Weather Research and Forecasting Model

WRF and WRF-CHEM have been installed on Abel. To check which version is available:

module avail wrf

-------------------------------------------------------------------------------------- /cluster/etc/modulefiles ---------------------------------------------------------------------------------------

To set-up your environment:

module load wrf/3.6.1

When loading wrf, the following environment variables are defined:

  • WRF_HOME: directory where WRF has been installed; this can be used to check WRF sources
  • WPS_HOME: directory where WPS has been installed. It is unlikely you have to check or change WPS source code but you will find in this directory all the metadata required to run WPS (the GEOGRID.TBL, METGRID.TBL, and Vtable files).
  • WPS_GEOG_PATH: contains theterrestrial static input data. Even if you use your own compiled version of WRF/WPS, it is NOT necessary to download these files again.
  • WRFIO_NCD_LARGE_FILE_SUPPORT: it is set to 1 to allow you to store large netCDF files (more than 2GB).
  • WRF_EXAMPLES: directory where all WRF and WRF-CHEM examples are stored. If you wish to run one of this example see our dedicated section on running tutorials.

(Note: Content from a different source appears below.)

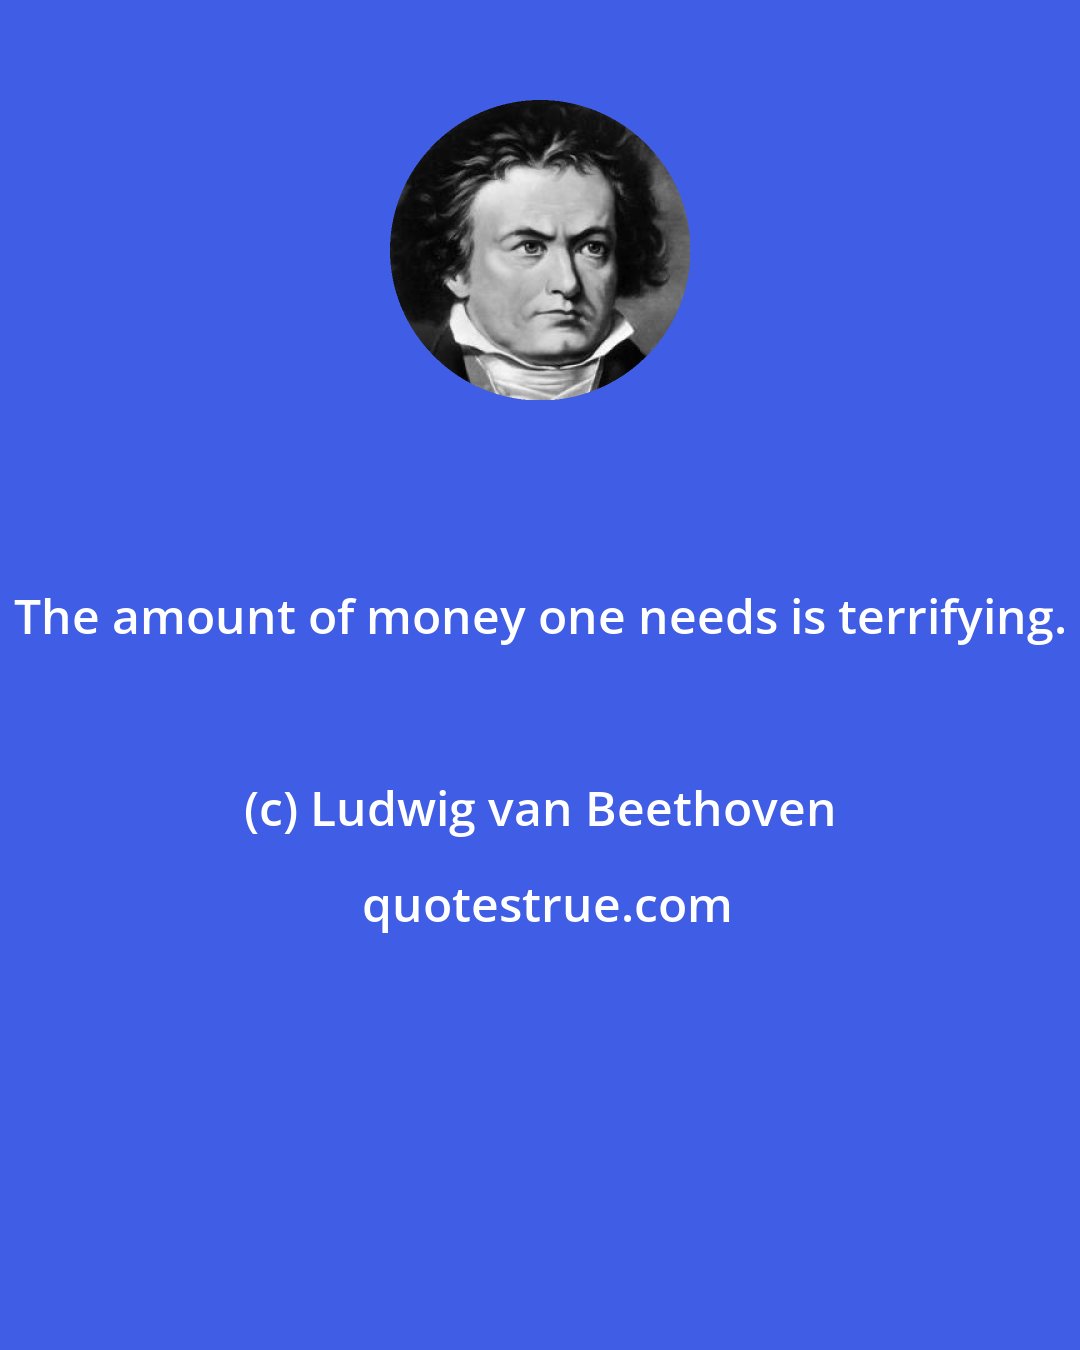 Ludwig van Beethoven: The amount of money one needs is terrifying.

WRF has been compiled with intel compilers and MPI:

module list 

Currently Loaded Modulefiles:
  1) use.own                 3) openmpi.intel/1.6.1     5) netcdf.intel/    7) jasper/1.900.1          9) openmpi.intel/1.8      11) wrf/3.6.1
  2) intel/2011.10           4) hdf5/1.8.9_intel        6) intel-libs/2013.sp1.3   8) intel/2013.sp1.3       10) ncl/6.2.0

We suggest you specify the version you wish to use to avoid any problems if we install a new default version (as it is important to stick to the very same version for your  simulations).

Running WRF:

The following steps are necessary to run WRF on our systems:

  1. WRF Preprocessing System (WPS)
  2. WRF System

WRF Preprocessing System (WPS)

Most parameters for WPS must be given in namelist.wps

  • define_grid.py uses namelist.wps to plot your defined grid
  • run_geogrid.py  runs geogrid.exe to create static data for your domain
  • run_ungrib.py runs ungrib.exe to unpack your input GRIB data
  • run_metgrid.py runs metgrid.exe to interpolate input data onto your model domain


Most parameters for WRF must be given in namelist.input

  • run_init_wrf.py runs real.exe to initialize WRF and creates two files such as wrfinput_d<domain> and wrfbdy_d<domain> where <domain> is the domain number (01, 02, etc.)
  • run_wrf.py runs the numerical integration program wrf.exe

TIPS: to get the usage of these python scripts, use -h or --help. For instance:

run_ungrib.py -h
Usage: run_ungrib.py --expid expid --vtable vtable --datadir datadir [--start_date startdate --end_date enddate] [--interval_seconds val] [--prefix FILE]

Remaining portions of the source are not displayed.